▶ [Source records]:
---*---

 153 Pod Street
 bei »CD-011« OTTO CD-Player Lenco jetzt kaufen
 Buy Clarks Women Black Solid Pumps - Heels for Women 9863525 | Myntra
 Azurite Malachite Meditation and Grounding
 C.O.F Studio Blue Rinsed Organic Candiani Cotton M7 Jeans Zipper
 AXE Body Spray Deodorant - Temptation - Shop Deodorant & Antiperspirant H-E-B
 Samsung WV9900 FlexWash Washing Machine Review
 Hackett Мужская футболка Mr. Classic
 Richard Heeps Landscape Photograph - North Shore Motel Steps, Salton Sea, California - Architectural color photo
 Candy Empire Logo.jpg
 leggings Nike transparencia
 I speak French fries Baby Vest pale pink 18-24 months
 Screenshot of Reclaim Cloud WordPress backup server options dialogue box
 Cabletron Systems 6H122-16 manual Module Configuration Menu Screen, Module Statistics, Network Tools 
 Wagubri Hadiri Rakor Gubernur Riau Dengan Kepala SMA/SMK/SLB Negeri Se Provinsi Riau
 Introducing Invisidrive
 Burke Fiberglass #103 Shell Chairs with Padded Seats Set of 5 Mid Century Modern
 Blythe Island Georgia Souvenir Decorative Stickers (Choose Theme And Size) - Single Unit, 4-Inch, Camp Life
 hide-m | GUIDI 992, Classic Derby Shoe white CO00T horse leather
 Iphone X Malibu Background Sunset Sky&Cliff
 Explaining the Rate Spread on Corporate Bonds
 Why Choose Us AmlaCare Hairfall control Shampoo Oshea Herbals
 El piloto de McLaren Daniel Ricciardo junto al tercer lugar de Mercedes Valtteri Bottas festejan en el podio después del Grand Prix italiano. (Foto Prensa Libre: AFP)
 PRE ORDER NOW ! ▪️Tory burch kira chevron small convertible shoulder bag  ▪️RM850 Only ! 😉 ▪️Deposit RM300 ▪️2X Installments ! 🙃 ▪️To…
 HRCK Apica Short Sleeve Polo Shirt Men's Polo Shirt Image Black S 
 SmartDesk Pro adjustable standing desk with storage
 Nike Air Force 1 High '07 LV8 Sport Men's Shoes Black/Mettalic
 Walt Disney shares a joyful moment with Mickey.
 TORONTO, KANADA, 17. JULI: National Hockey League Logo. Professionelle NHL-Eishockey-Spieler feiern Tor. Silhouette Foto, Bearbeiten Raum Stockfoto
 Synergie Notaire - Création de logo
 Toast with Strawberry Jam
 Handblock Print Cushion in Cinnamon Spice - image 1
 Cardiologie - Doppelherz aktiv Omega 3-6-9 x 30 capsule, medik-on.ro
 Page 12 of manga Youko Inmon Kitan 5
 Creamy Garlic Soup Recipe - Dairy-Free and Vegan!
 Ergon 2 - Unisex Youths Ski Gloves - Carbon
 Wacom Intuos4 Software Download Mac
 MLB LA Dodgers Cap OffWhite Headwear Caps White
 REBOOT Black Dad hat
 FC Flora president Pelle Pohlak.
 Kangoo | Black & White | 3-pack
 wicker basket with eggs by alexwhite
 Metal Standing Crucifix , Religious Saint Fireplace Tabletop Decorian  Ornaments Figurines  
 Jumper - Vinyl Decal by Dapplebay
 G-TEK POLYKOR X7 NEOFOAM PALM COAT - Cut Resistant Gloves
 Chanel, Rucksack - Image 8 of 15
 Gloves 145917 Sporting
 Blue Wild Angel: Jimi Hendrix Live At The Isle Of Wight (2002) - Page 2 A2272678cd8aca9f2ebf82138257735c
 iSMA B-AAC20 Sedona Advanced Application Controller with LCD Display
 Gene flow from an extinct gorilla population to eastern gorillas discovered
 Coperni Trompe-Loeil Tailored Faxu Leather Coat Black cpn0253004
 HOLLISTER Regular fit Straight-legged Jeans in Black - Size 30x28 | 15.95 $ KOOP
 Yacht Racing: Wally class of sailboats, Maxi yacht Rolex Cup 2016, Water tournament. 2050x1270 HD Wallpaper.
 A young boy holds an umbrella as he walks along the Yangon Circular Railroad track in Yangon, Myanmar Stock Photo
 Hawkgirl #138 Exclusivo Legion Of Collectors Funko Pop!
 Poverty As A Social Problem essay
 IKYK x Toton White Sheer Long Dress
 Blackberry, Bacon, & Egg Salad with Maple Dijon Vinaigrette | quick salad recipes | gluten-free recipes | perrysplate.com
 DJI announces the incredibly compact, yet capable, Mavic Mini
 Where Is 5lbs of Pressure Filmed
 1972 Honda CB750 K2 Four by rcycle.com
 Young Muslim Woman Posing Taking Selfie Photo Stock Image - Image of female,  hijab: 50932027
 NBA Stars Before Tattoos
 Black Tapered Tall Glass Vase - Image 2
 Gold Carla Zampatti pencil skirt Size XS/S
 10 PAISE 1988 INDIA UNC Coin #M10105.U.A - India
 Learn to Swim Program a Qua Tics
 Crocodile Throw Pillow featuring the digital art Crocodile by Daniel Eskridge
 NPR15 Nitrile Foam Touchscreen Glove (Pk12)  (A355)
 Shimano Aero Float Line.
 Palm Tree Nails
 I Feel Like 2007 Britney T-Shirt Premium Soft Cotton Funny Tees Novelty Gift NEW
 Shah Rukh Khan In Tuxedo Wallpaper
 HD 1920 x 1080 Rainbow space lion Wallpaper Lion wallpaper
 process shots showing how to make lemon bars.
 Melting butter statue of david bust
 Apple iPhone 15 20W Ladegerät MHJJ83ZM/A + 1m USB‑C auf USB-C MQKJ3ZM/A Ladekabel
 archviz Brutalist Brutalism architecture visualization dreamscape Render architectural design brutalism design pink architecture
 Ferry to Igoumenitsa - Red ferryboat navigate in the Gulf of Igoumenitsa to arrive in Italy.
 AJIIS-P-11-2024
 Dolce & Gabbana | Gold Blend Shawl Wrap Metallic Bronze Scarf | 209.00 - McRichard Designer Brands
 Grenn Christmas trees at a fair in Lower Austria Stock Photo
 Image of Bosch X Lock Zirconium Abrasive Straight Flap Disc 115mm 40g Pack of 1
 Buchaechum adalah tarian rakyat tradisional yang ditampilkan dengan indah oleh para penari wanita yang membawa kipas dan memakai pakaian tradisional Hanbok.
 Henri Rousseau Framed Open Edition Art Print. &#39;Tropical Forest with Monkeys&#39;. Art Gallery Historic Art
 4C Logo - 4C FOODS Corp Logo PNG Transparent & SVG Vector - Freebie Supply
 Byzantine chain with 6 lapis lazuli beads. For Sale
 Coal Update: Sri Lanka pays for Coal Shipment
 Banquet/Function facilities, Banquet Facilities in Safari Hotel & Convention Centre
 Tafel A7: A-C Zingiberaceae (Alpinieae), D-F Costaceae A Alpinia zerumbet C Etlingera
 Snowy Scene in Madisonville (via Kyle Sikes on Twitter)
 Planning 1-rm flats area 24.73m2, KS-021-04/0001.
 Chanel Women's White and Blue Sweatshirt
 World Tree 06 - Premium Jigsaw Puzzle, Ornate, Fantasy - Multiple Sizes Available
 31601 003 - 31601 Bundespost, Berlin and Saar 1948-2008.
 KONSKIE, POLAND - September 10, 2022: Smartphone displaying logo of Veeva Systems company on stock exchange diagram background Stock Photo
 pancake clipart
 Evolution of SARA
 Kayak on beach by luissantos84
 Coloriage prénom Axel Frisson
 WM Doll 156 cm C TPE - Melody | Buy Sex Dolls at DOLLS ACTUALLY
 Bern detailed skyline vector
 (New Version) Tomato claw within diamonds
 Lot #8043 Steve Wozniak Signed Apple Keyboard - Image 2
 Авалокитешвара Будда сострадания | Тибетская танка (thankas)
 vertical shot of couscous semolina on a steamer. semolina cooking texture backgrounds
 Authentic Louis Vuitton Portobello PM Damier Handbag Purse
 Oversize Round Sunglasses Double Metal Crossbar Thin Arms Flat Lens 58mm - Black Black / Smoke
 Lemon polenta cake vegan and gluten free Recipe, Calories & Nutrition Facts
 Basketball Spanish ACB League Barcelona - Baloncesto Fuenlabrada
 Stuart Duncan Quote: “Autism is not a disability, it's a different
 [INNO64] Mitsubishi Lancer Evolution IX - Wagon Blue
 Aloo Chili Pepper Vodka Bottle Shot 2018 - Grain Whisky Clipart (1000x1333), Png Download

---*---

Only the lines above from the line with "WM Doll 156" to the line with "Authentic Louis Vuitton", those two lines included, should be reproduced exactly.

▶ [Result for this exercise]:
 WM Doll 156 cm C TPE - Melody | Buy Sex Dolls at DOLLS ACTUALLY
 Bern detailed skyline vector
 (New Version) Tomato claw within diamonds
 Lot #8043 Steve Wozniak Signed Apple Keyboard - Image 2
 Авалокитешвара Будда сострадания | Тибетская танка (thankas)
 vertical shot of couscous semolina on a steamer. semolina cooking texture backgrounds
 Authentic Louis Vuitton Portobello PM Damier Handbag Purse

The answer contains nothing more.